The challenges for the Aussie are also increasingly being grown at home.
"In our opinion, the downside risk to Australian interest rates and the AUD has increased significantly," Greg Gibbs of Global FX Capital said in a Friday comment.
"The continued increase in the borrowing costs of banks that led Westpac to raise mortgage interest rates is a further tightening of monetary conditions and comes at a precarious moment for the housing market," he said.
In addition, Mr Gibbs said that Australian political risk is increasing as an election approaches after about six months and recent economic data suggest some moderation in activity.
The coming week will, starting with Monday, yield a large amount of data to help investors reconsider the prospects for the local economy, interest rates and currencies.
On Monday there is the retail sale for July, the August index for production in August, the MI inflation for August and the ANZ vacancies for August. On Tuesday, the RBA holds a policy meeting and Governor Philip Lowe is ready to speak at a dinner meeting on the board in Perth.

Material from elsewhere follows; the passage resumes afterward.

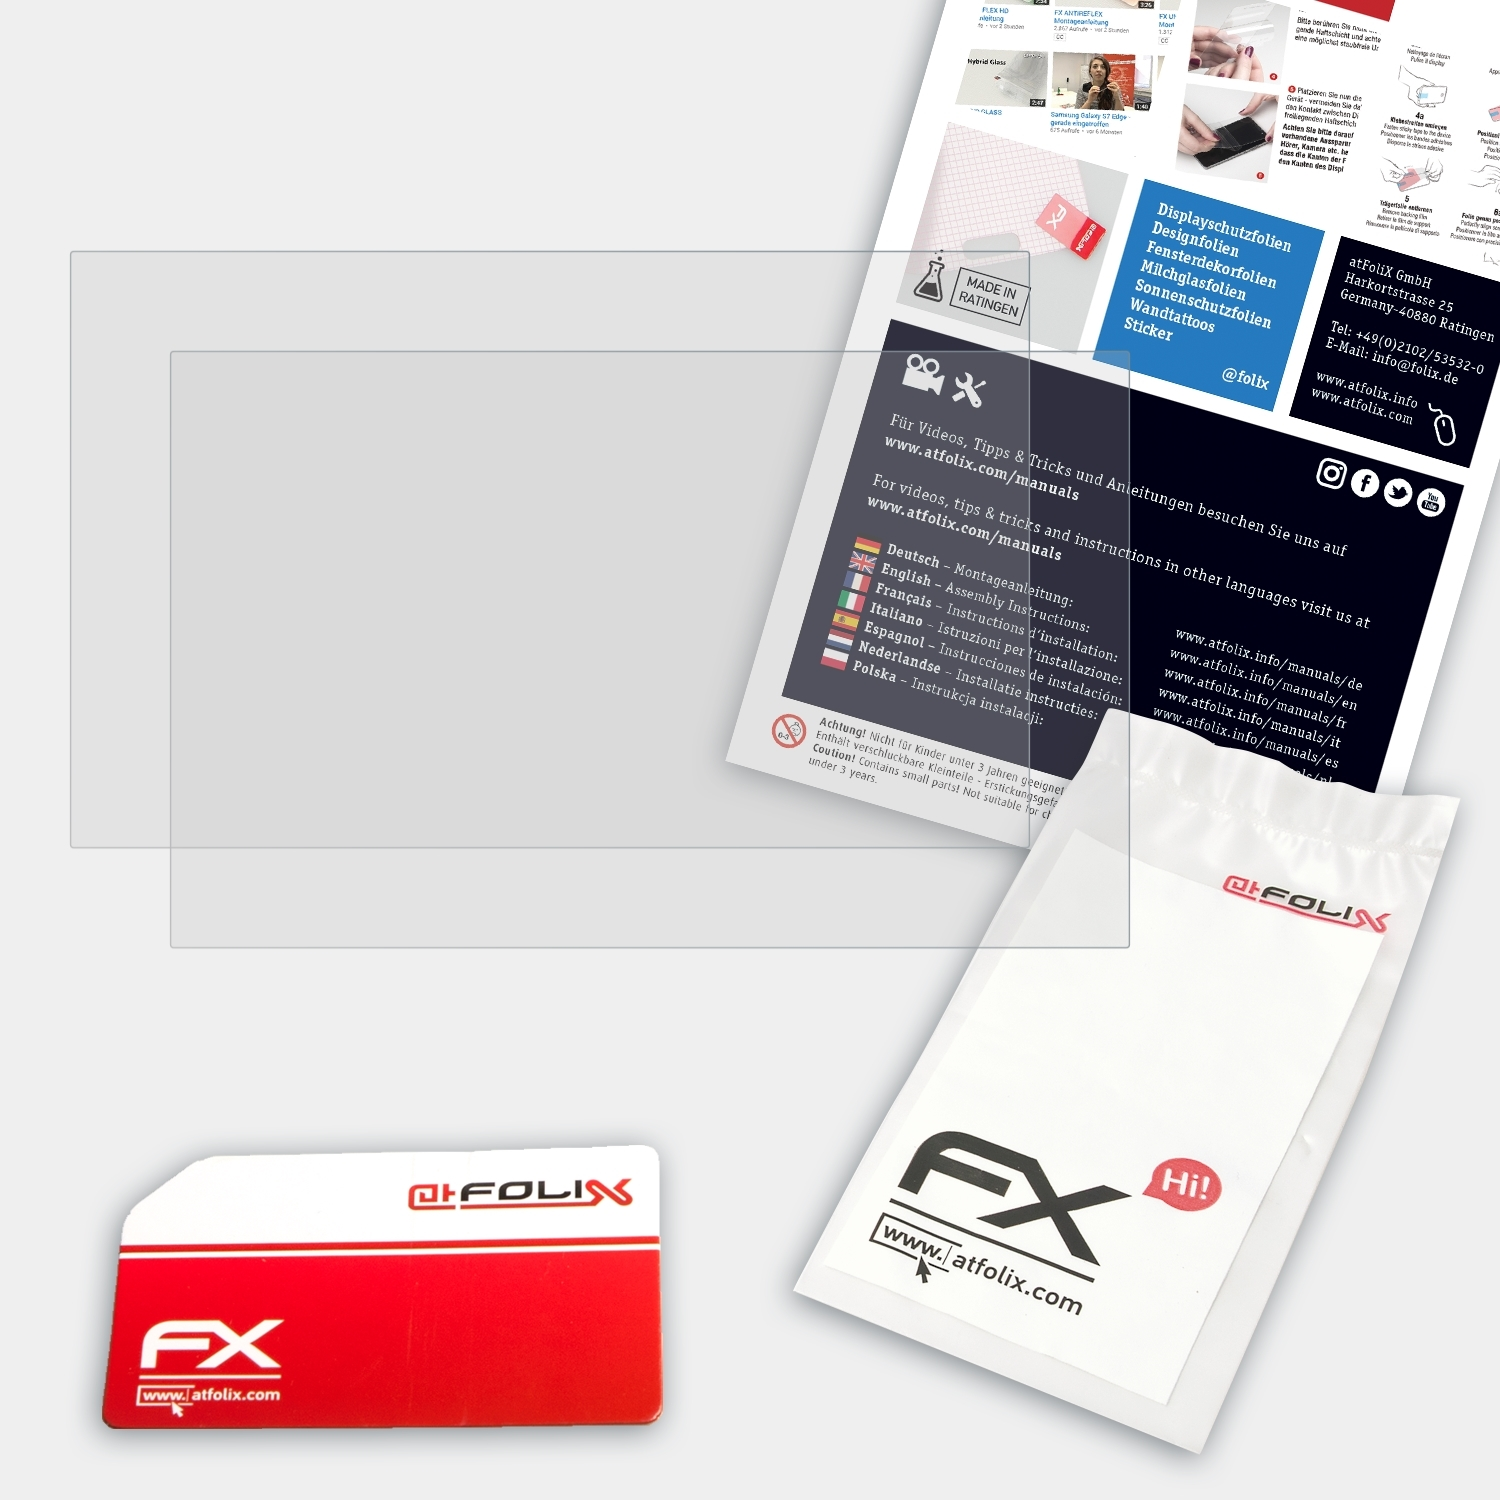 ATFOLIX 2x FX-Antireflex Pro) Chuwi HeroBook Displayschutz(für

On Wednesday there is the long-awaited GDP report of the second quarter and AiG & # 39; s index for July trading data on the AiG performance of July and Friday for July and home financing for July.
Although no price change is expected this week, Mr. Lowe has a chance of a press conference after the meeting and later in his speech to give directions on the policy outlook.
"The bank has done a lot of work to be able to communicate clearly that the next rate hike is more likely than lower, and the progress in reducing unemployment and returning inflation to the target is expected to be gradual and therefore happy to stay on hold. & # 39; a while & # 39 ;, & # 39; said NAB economist Kaixin Owyong.
"We do not expect any change in the core message," says Owyong. "However, we will be looking for indications that recent developments may have affected the outlook, especially markets will want to pay attention to any comments related to the recent rise in home rates at Westpac.
"The opinion of the RBA was that the current credit default is mainly driven by demand and the credit tightening has downplayed – does this change their position in any way?"
Also checking the Australian dollar is the difference in yield between the US and Australian 10-year government securities that reached 34 basis points during the weekend, another sign that investors see lower risk for their money in the US than here.
The expectation that the gap will increase to 60 basis points in the first half of 2019 was one reason why RBC Capital pushed the potential for a local rate hike to the second half of 2019 at the end of last month.
Westpac's interest rate hike will further restrict the RBA's ability to hike, according to RBC's chief Australian economist Su-Lin Ong and macro strategist Robert Thomson.
"Tighter financing conditions are one of the three most important factors that we have been highlighting for a long time and which the RBA is likely to stop longer," said Ong and Mr. Thomson in a Friday paper. "The other two factors are downside risks for global growth and abundant spare capacity on the Australian labor market."
A week earlier, the two RBC experts said that the longer the RBA is 1.5 percent, "the less certain we are about the direction of the next step, especially if the global activity becomes more modest" in the second half of 2019 and 2020 .
Indeed, Mr Trump's decision to put his rhetoric about trade into reality can indeed slow down global growth, as the International Monetary Fund predicted.
And so it seems that Australian dollar bears will smile longer.